В конечном счете шумиха вокруг «Журналиста и убийцы» имела лишь один эффект: она подтвердила тезис, выдвинутый Малкольм. Предметом книги ясно и недвусмысленно является журналистика. Тезисом – что после публикации репортажа его объект чувствует себя жертвой предательства. Вот «журналистика» себя такой жертвой и почувствовала, прочитав оценку Малкольм. Капризом фортуны ситуация изменилась на обратную, и «Журналиста и убийцу» проходят в школах журналистики почти всех университетов. Как сказала бы сама Малкольм, если бы ее спросили, ход событий подтвердил ее правоту.
Все, что писала Малкольм потом, было окрашено идеями из «Журналиста и убийцы». Куда бы она ни смотрела, всюду находились истории, где концы с концами не сходятся. Она описывала судебные процессы об убийстве («Ифигения из Форрест-Хилс») и должностных преступлениях («Преступления Шейлы Макгоу»), подмечая кажущиеся неустранимыми несовпадения в заявлениях сторон. Она написала статью о художнике Дэвиде Салле, состоящую, как гласит заголовок, из «сорока одного фальстарта», и в ней вроде бы выразила сомнение в пользе газетных репортажей как таковых. Говоря о нарративах, Малкольм выражает скептицизм, очень похожий на скептицизм Дидион: в ходе анализа тех людей, которым мы в принципе поручаем нам что-то рассказывать – писателей, художников, мыслителей, – высказывается сомнение и в истинности того, что мы рассказываем сами себе.

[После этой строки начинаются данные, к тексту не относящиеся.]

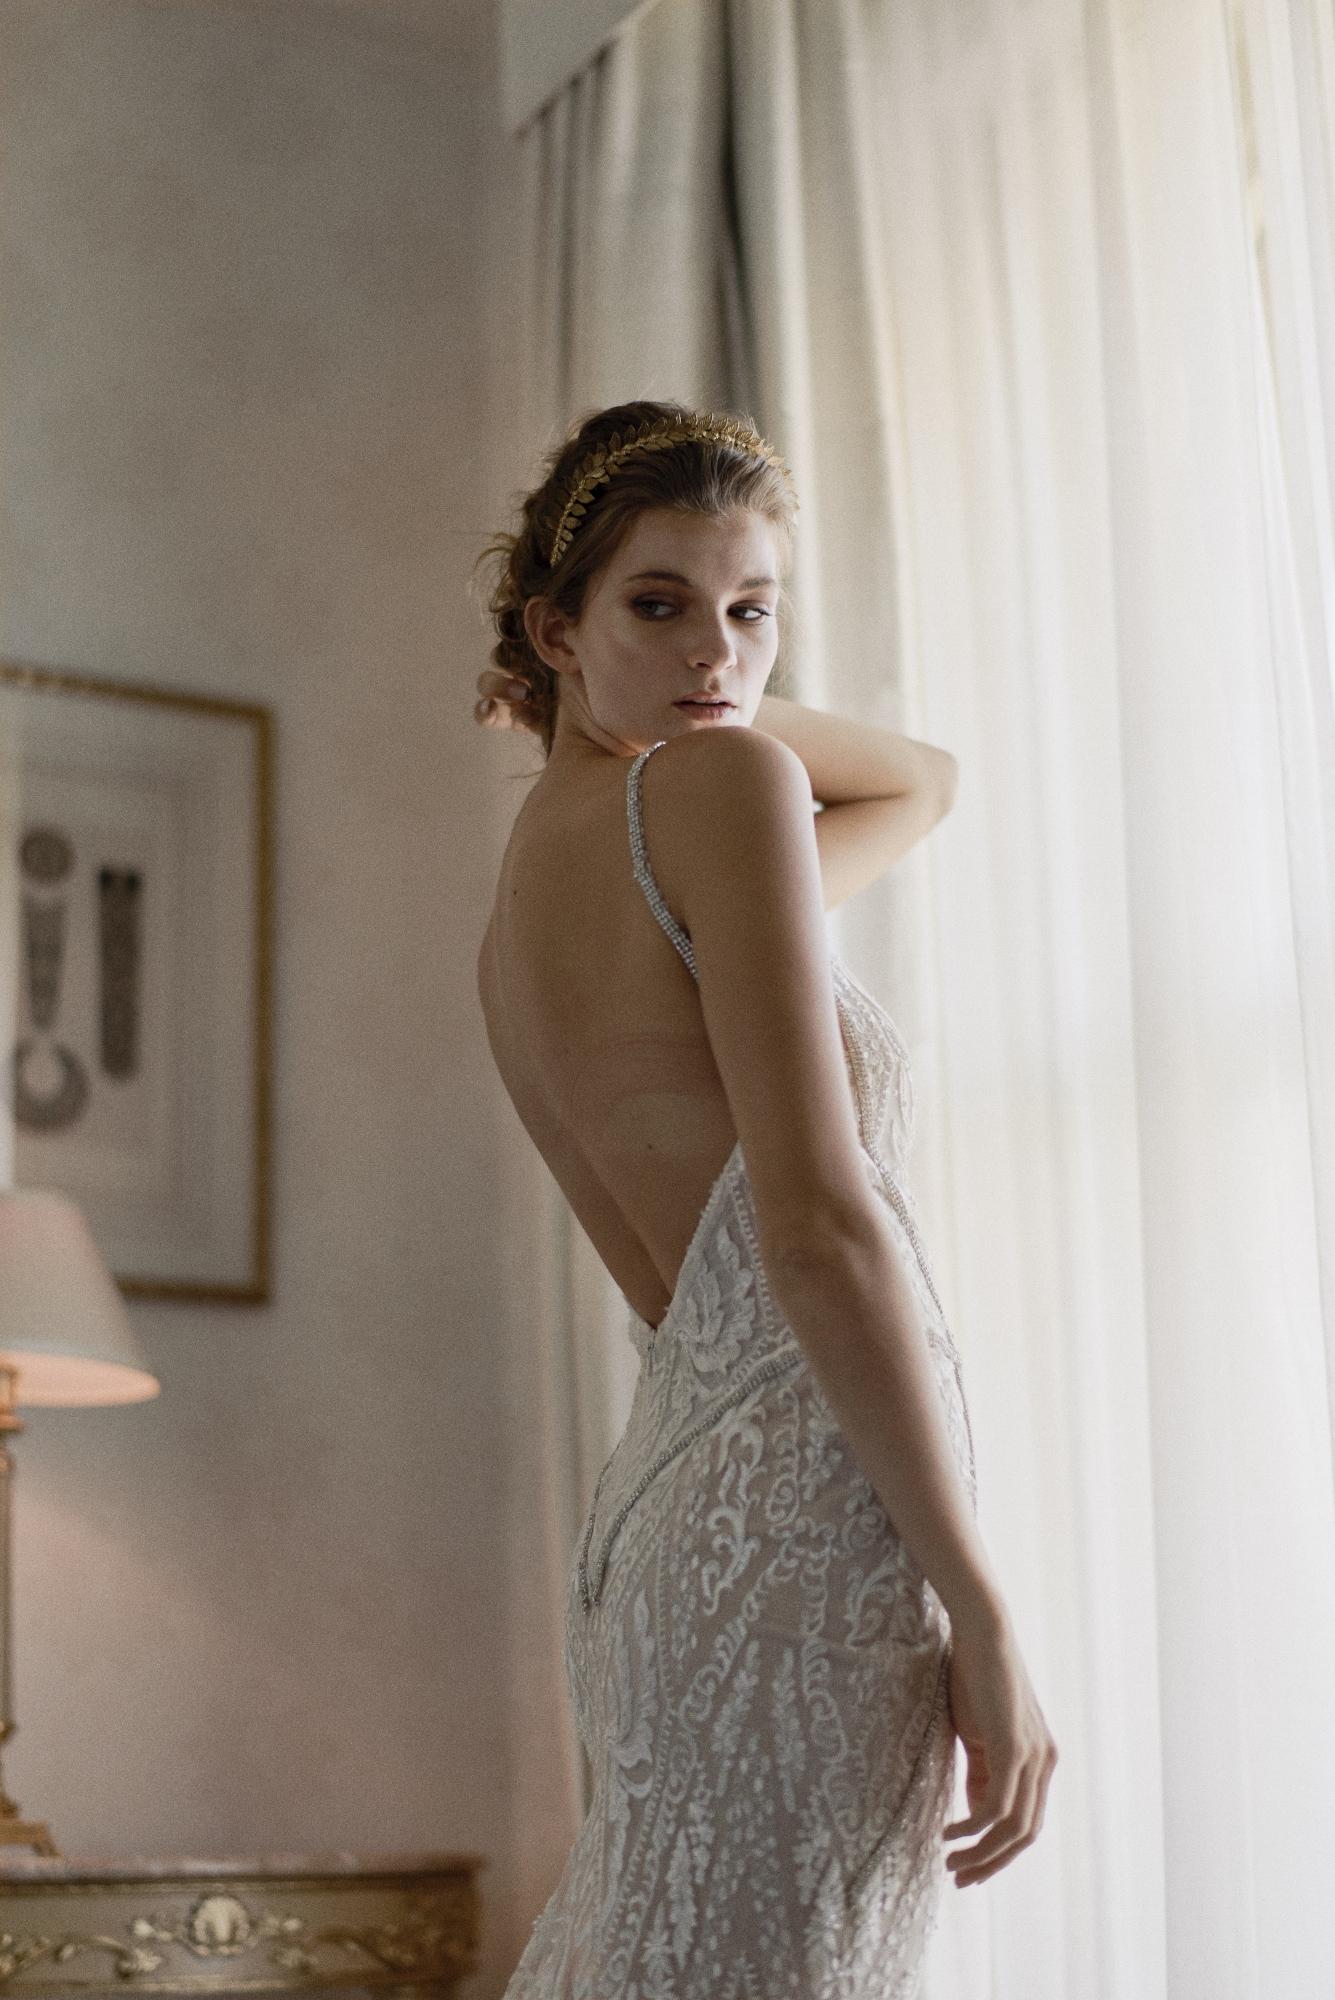 Sephory Photography-Her Morning Elegance Print 104 (1335x2000)
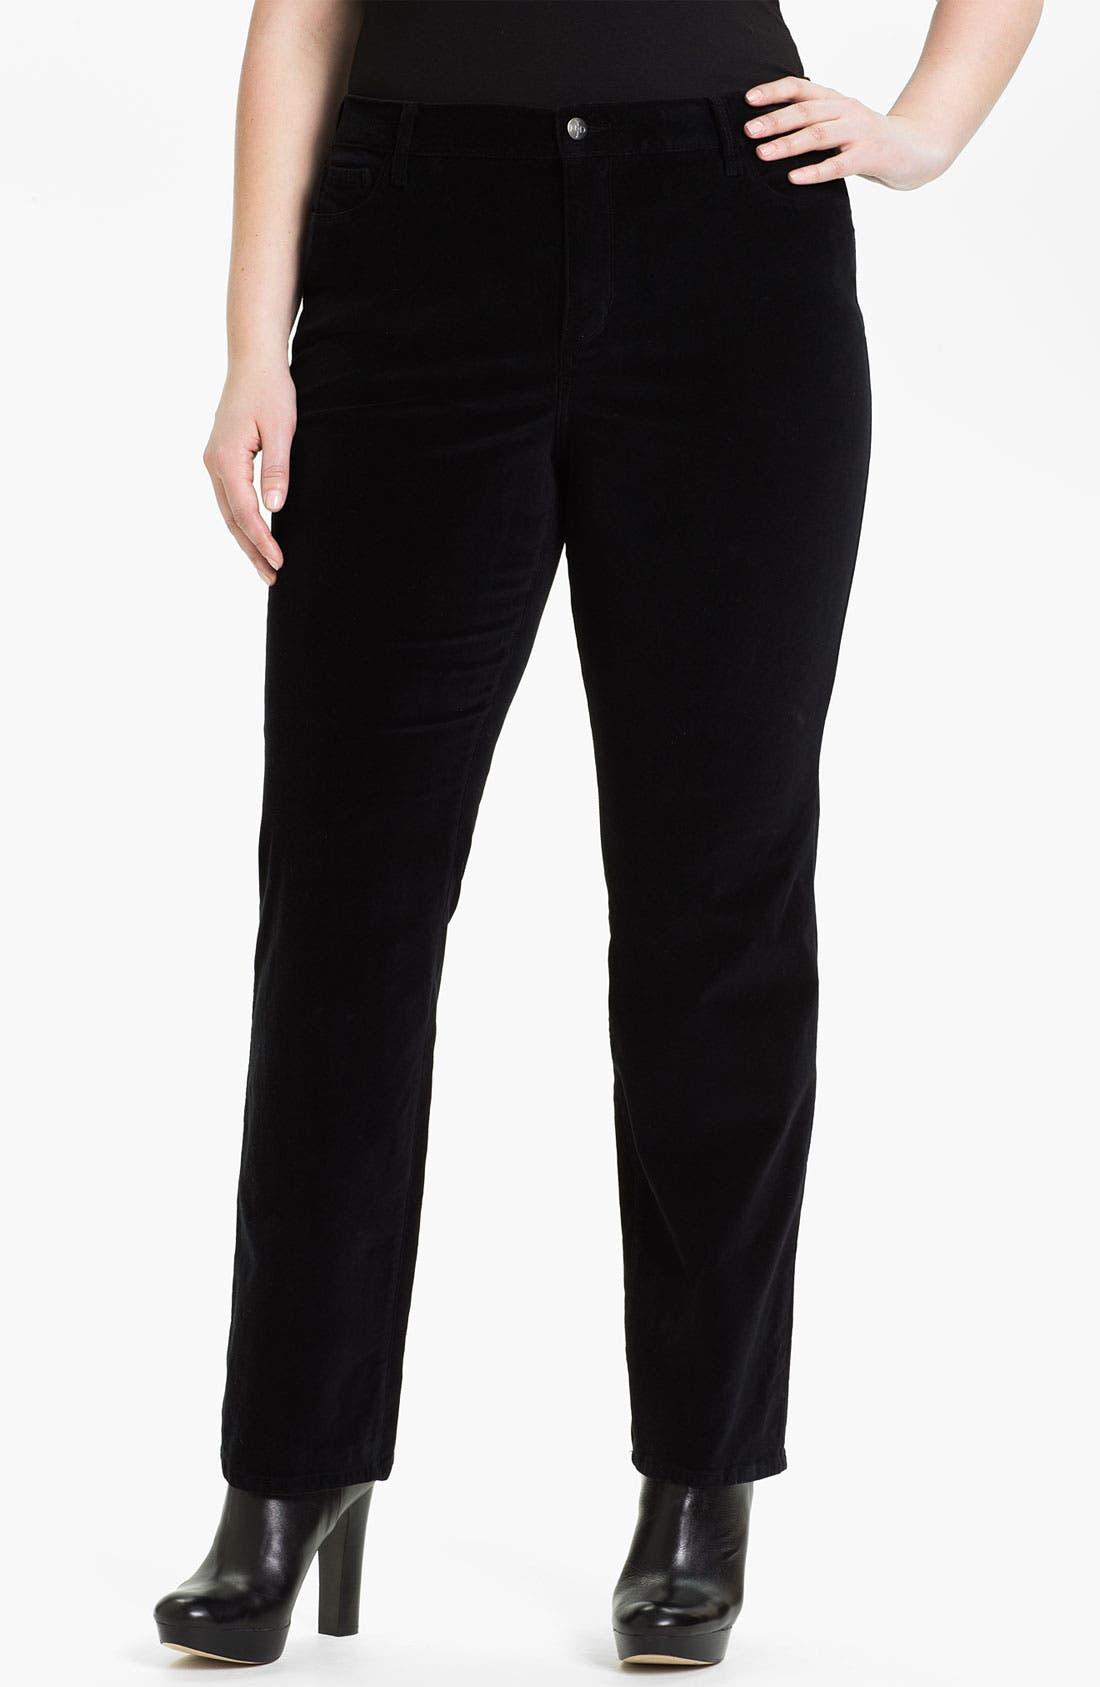 Main Image - NYDJ 'Sheri' Skinny Stretch Velveteen Jeans (Plus)

Но лучшим, возможно, примером подхода Малкольм стала «Молчаливая женщина» – книжного объема статья в New Yorker о жизни Сильвии Плат, о ее муже Теде Хьюзе и биографах, которые пытались постичь историю их совместной жизни. Плат очень рано начала писать стихи и прозу, в двадцать с лишним лет активно публиковалась, хотя особо и не прославилась. Потом она переехала в Англию, вышла замуж за поэта Теда Хьюза и родила двоих детей. Напечатав один сборник стихов, она считала, что способна на большее. Когда в шестьдесят третьем году Хьюз ушел к другой женщине, Плат покончила с собой. Спустя пару лет был опубликован сборник ее пронзительных, так называемых «исповедальных» стихов «Ариэль», получивший восторженные отзывы. Ее роман «Под стеклянным колпаком», также вышедший посмертно, приобрел статус классики.
И вот тут-то и начались трудности.
Посмертные почитатели Плат уверовали, что лишь они могут постичь глубину страданий, приведших ее к само- убийству, а обвиняли в нем – Теда Хьюза. Эти обвинения не были беспочвенными: когда в последние месяцы жизни Плат Тед ушел к другой, Плат пришлось выживать в чужой стране, где из родни у нее были лишь двое маленьких детей. Что призрак ее, как автора «Ариэля», получил у феминисток звездный статус, означало, что именно на Хьюза обрушится водопад праведного гнева. В связи с этим он и его сестра Олвин с очень большой осторожностью стали выбирать, кому они разрешат писать биографию Плат (у них была возможность так поступить, потому что именно у них было право контролировать цитирование ее неопубликованных вещей).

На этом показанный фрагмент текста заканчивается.